# HOW TO COMPLETE THIS TASK:
Since only part of the material below is wanted, output exactly the lines from the one with "The Theme of" up to and including the one with "Strikes Central Italy".

# DATA PROVIDED:
.....
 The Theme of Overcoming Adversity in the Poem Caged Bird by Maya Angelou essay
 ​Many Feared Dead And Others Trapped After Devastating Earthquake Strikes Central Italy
.....
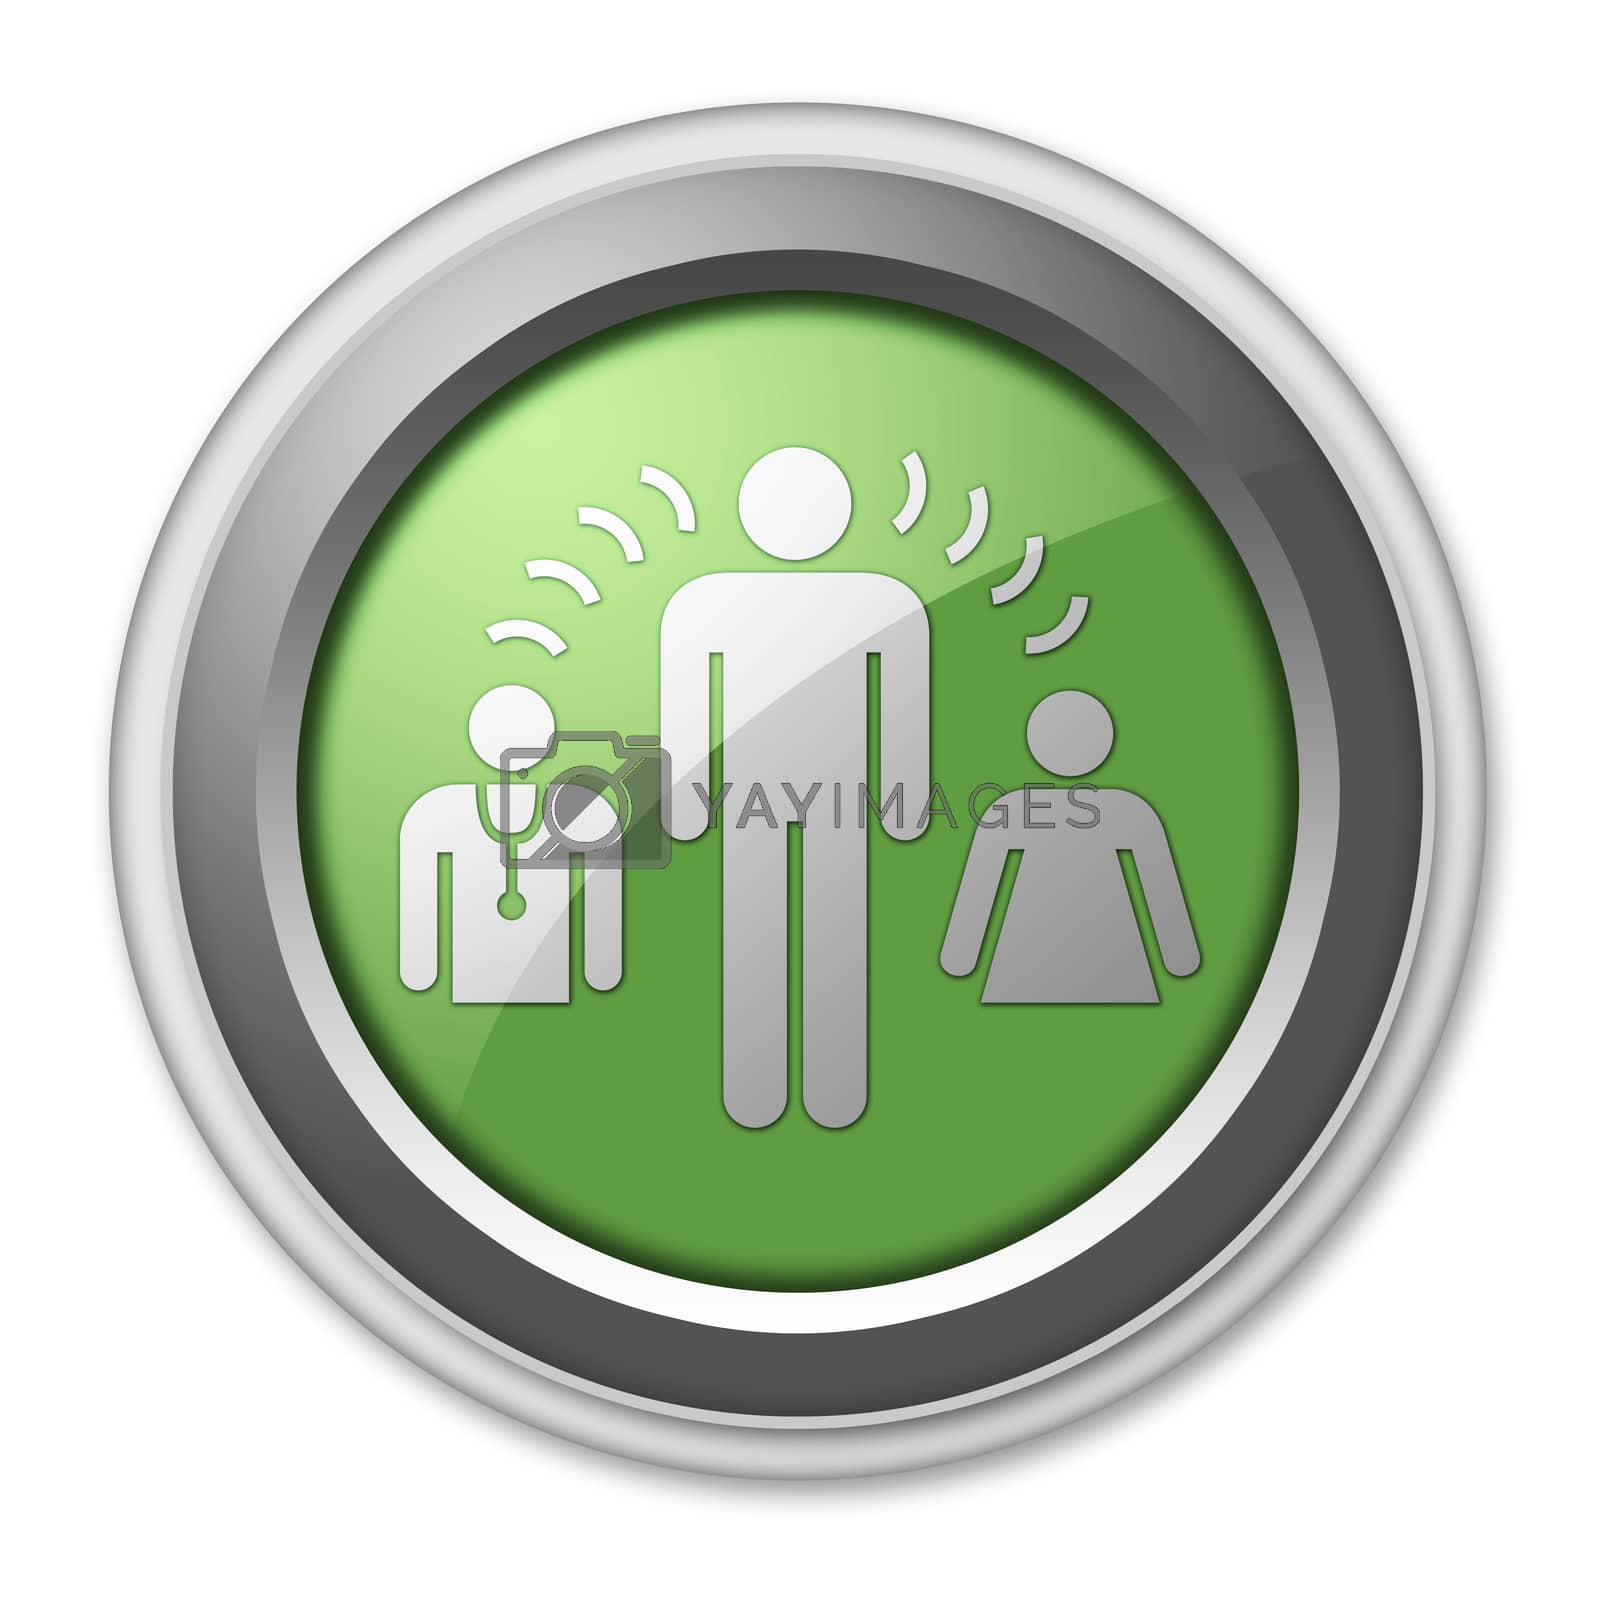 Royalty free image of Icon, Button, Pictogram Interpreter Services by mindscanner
.....
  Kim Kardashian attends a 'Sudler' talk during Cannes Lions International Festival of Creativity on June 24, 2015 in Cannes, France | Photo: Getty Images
.....
# RESULT:
 The Theme of Overcoming Adversity in the Poem Caged Bird by Maya Angelou essay
 ​Many Feared Dead And Others Trapped After Devastating Earthquake Strikes Central Italy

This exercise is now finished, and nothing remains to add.